Product strategy has also evolved, with the introduction of an extended six-year drivetrain warranty in 2025 marking a significant enhancement in customer value. This replaces the previous two-year coverage and is supported by revised service and maintenance plans that deliver improved cost-per-kilometre predictability across ownership cycles. Looking ahead, Hino South Africa is preparing to launch Hino Care Gap Cover in mid-2026, which will further expand warranty coverage across key components such as cooling systems, electrical systems and towing support without increasing customer pricing.
Innovation in alternative powertrains is also accelerating. Hino South Africa has introduced diesel-electric hybrid models into its 300 Series range, with 32 units being imported in total. Early deployments are already underway at the Toyota Africa Parts Centre, operated by Namlog, with initial units already in service and additional deployments planned for major fleet operators. These vehicles are integrated into Kinto, a subscription-based model that bundles vehicle usage, maintenance and servicing into a single monthly cost, supported by optional comprehensive insurance through Kinto Protect.
Early operational data from the hybrid programme indicates fuel efficiency improvements ranging between 15% and 30%, depending on application. In a market defined by rapidly rising diesel prices and tightening emissions expectations, these gains offer both economic and environmental advantages for fleet operators seeking long-term sustainability.
Further signalling its multi-pathway energy strategy, Hino South Africa is preparing to preview a prototype dual-fuel truck combining diesel and hydrogen technologies, underscoring the brand’s commitment to exploring diversified propulsion solutions suited to regional operating conditions.

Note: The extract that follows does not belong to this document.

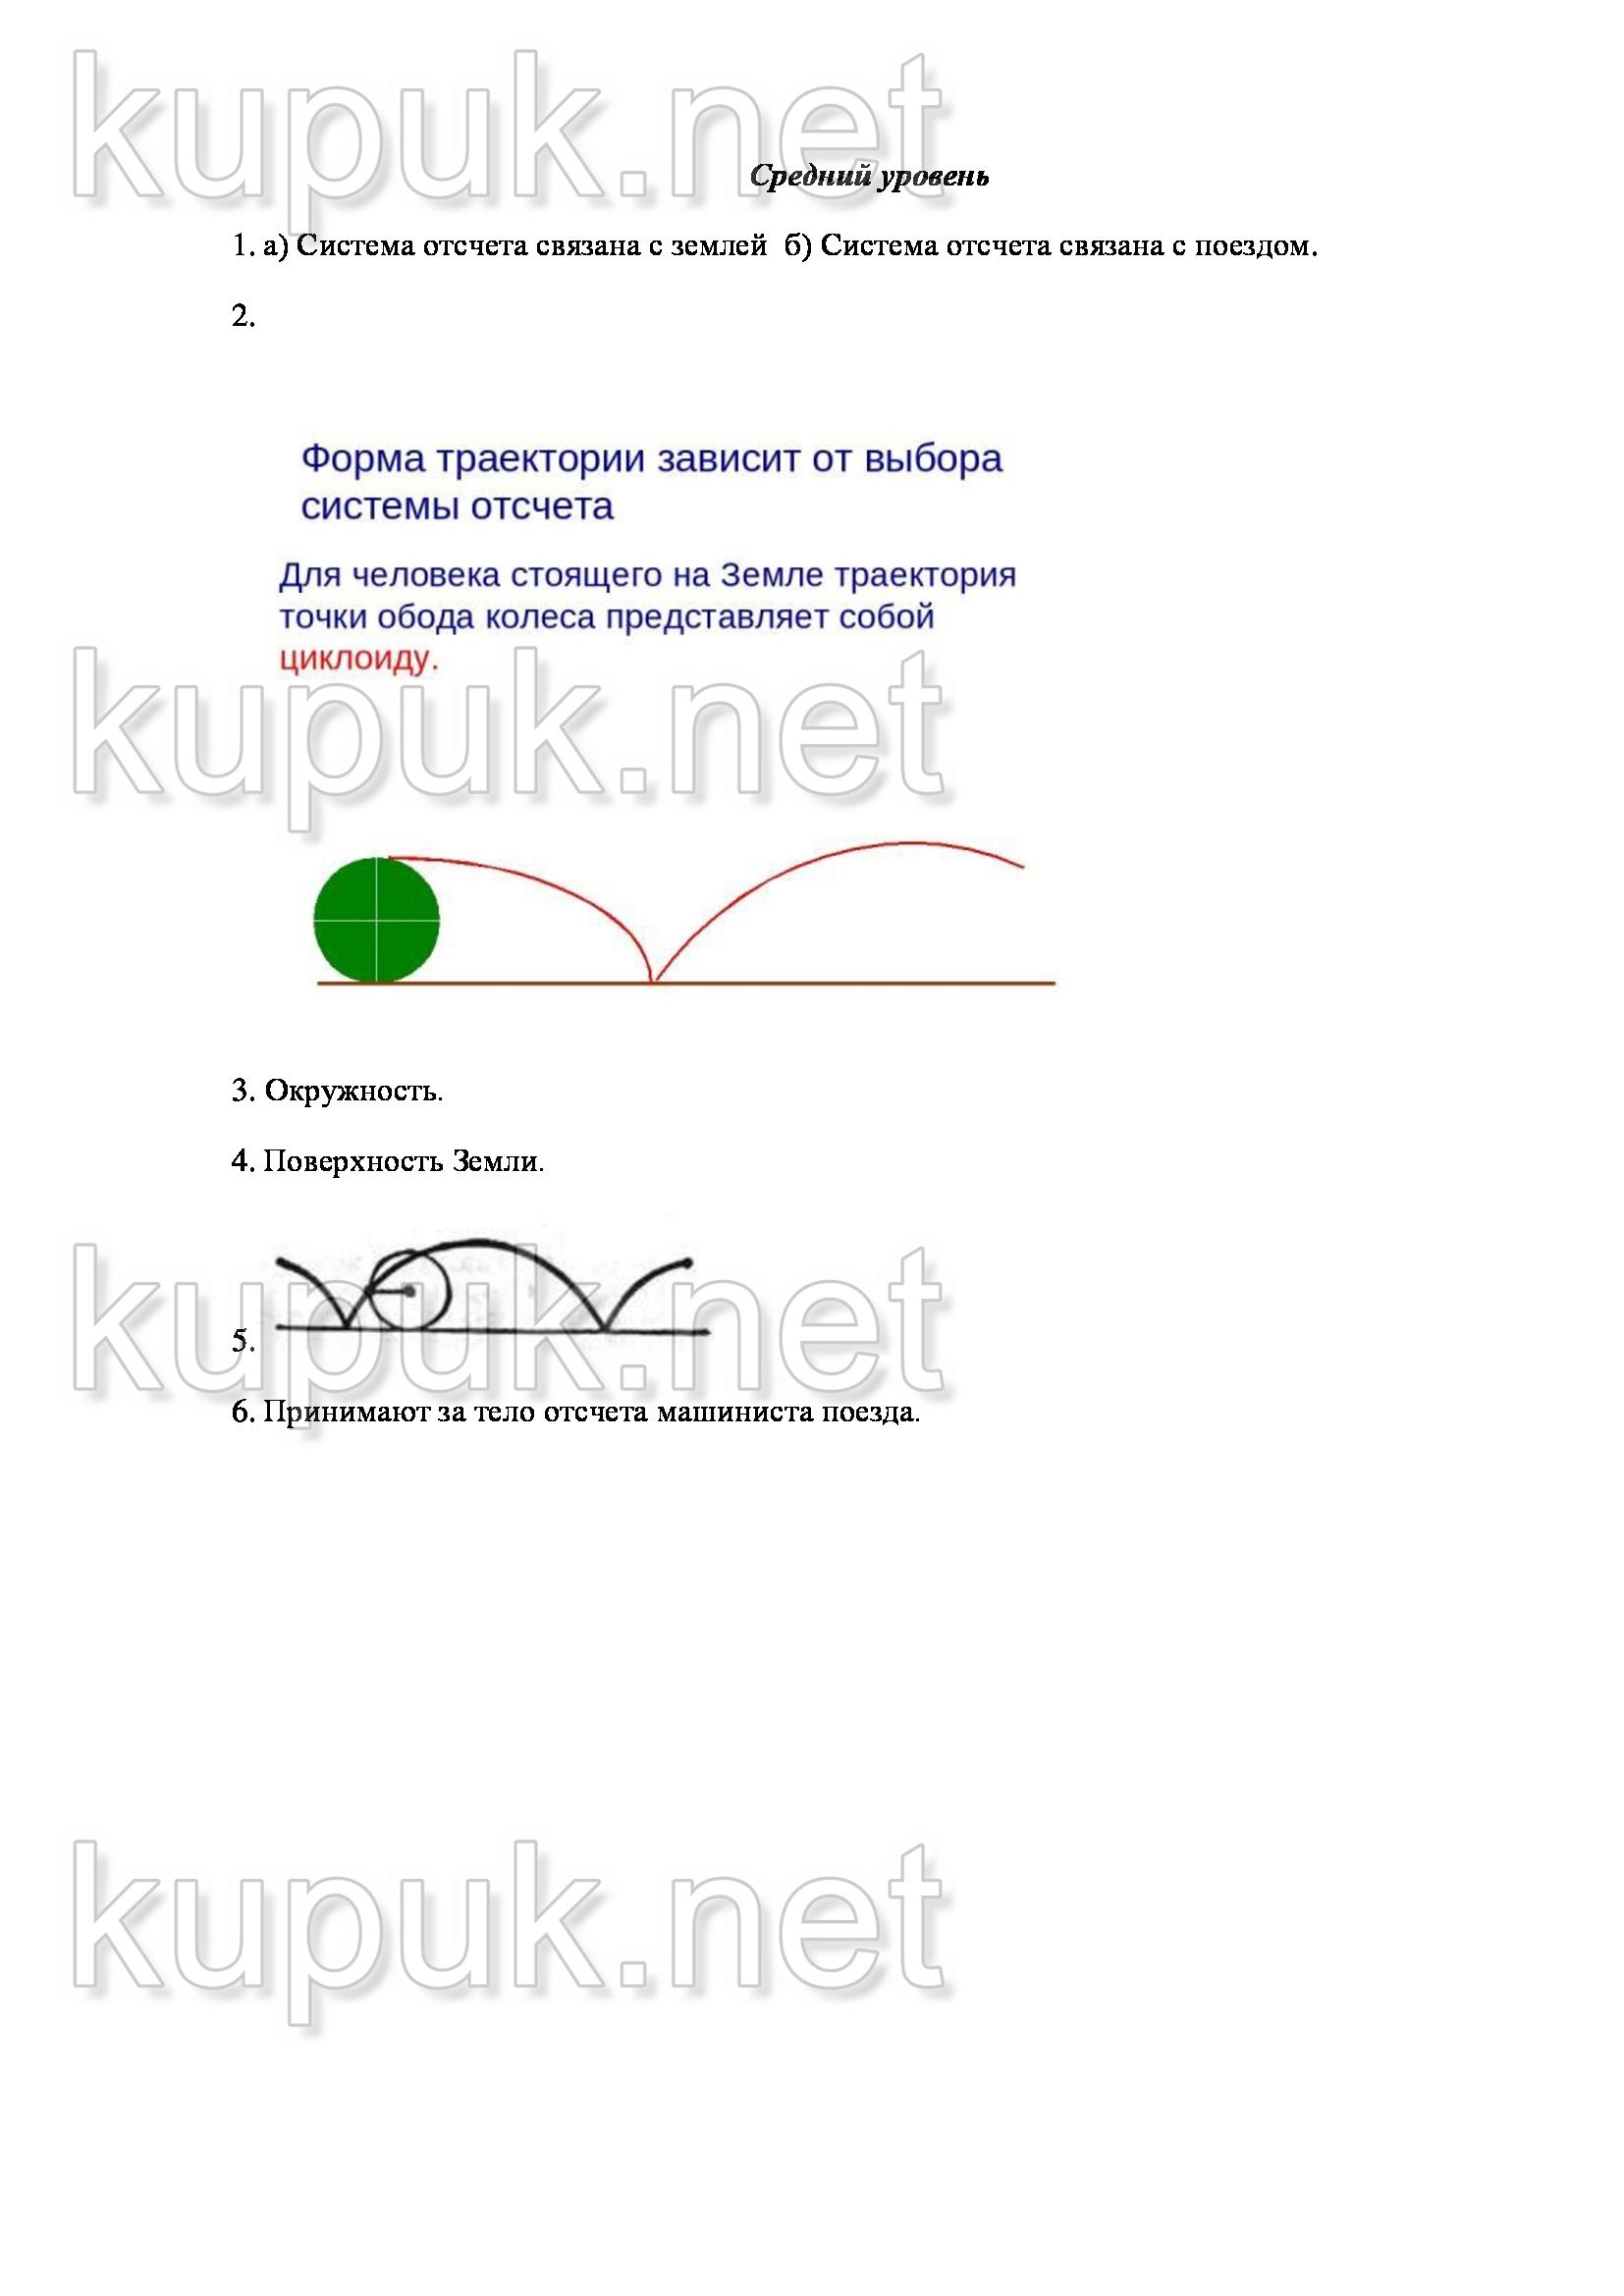 Изобразите схематически траекторию движения точек 273
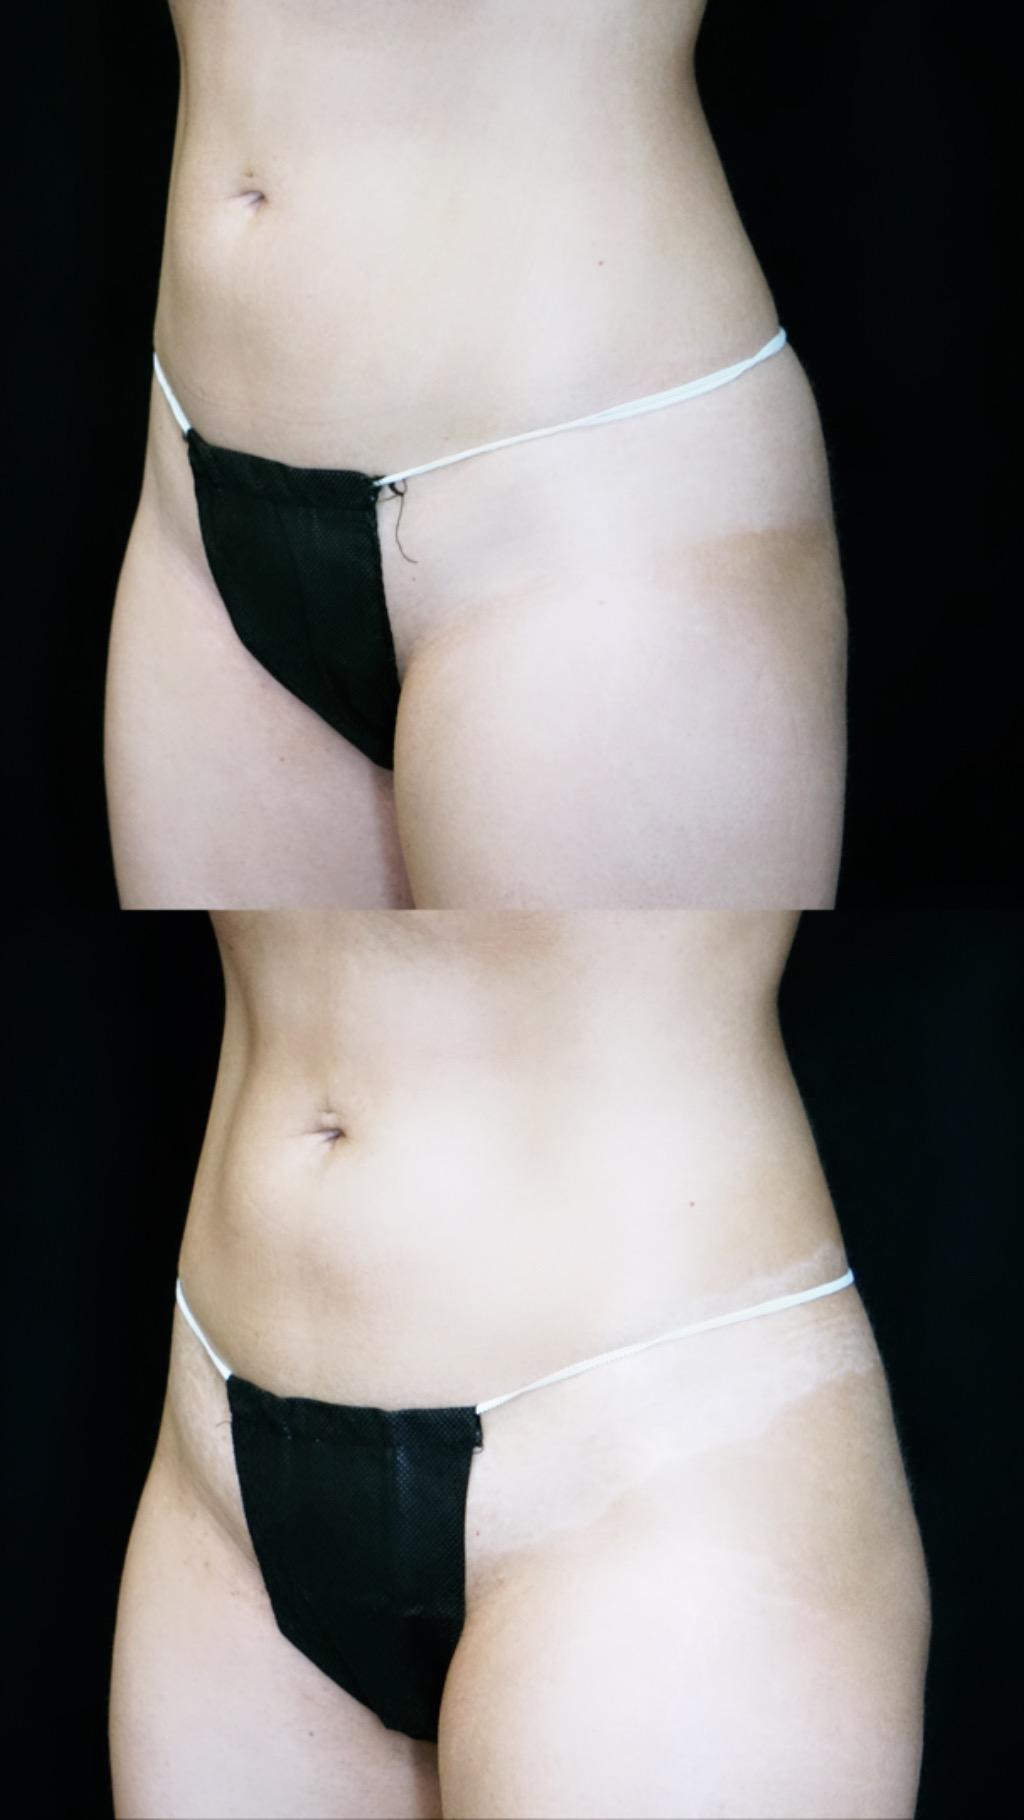 emsculpt abdomen

Falck emphasised that despite global uncertainty, the company remains focused on strengthening customer relationships, improving operational resilience and expanding its technological footprint. With stable sales performance, strong customer satisfaction rankings and a growing portfolio of electrified and alternative fuel solutions, Hino South Africa positions itself as both a steady incumbent and an adaptive innovator in a rapidly transforming commercial vehicle sector.